Malawians have since 2004 been forced to service a total of K30 billion (US$94.4 million) in foreign debts for funds acquired to implement non-existent and stalled projects, which have not benefited citizens, Centre for Social Concern (CfSC) has revealed.
The projects in question include the construction of the Zomba-Jali-Phalombe-Chitakale Road which has seen a total of six loans amounting to US$58.26 million (almost K18.93 billion) approved by Parliament since 2004 and Phalombe District Hospital whose loan amounting to $7 million (K2.3 billion) was approved in 2010.
According to the CfSC report entitled The Paradox of Continuous Foreign Borrowing in a Rash of Stalled Debt Sponsored Projects the Zomba-Chitakale Road got its first loan of $21.06 million (K6.8bn) in 2004 from Kuwait, then another $7 million (K2.3bn) from the World Bank in 2005 before getting another $10 million (K3.25bn) from the same bank.
Yet in 2011 Parliament approved three loans for the same road amounting to US$19.2 million (almost K6.42bn) from Arab Bank for Economic Development in Africa (Badea), the Kuwait Fund for Arabic Development and Opec Fund for International Development.
In the just ended budget session, Parliament has again approved a further K3.4 billion with the project title now reading Zomba-Jali-Kamwendo-Phalombe-Chitakale Road thereby making the road once it is completed to cost taxpayers a total of K22.17 billion.

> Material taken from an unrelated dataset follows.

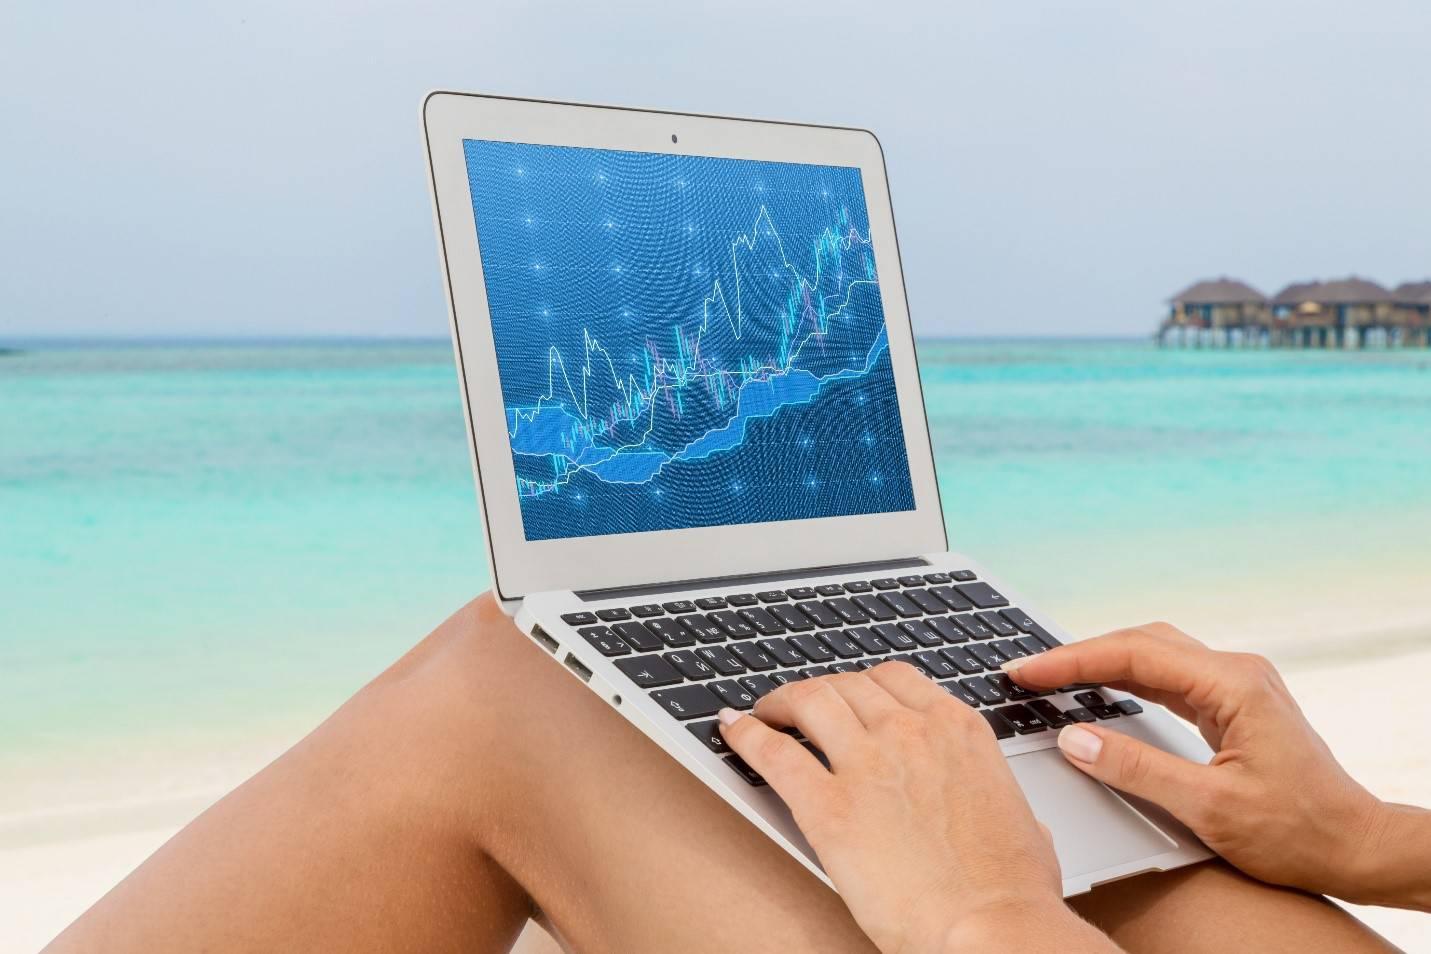 Da li biste zaradili ili izgubili novac na financijskom tržištu?
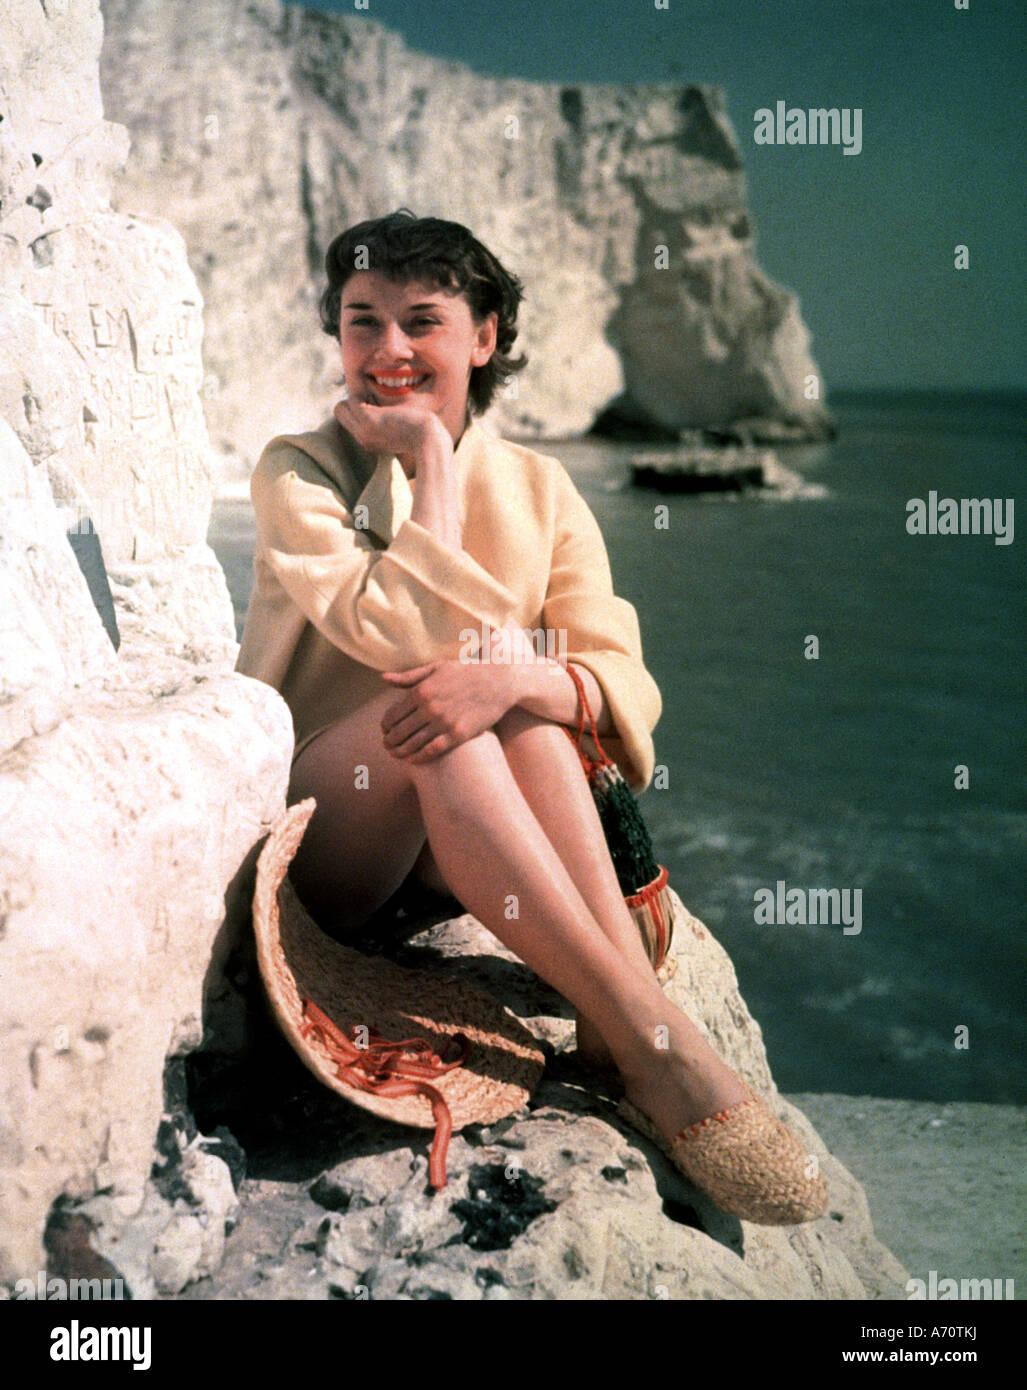 AUDREY HEPBURN  - film actress about 1952 - Stock Image

Minister of Finance spokesperson Nations Msowoya said although there have been challenges to some of the cited projects, almost all the projects are still in progress and none has been abandoned.
Said Msowoya: “In all these projects the government is dealing with foreign creditors and in this case more than three who have their own processes and procedures which have to be appreciated.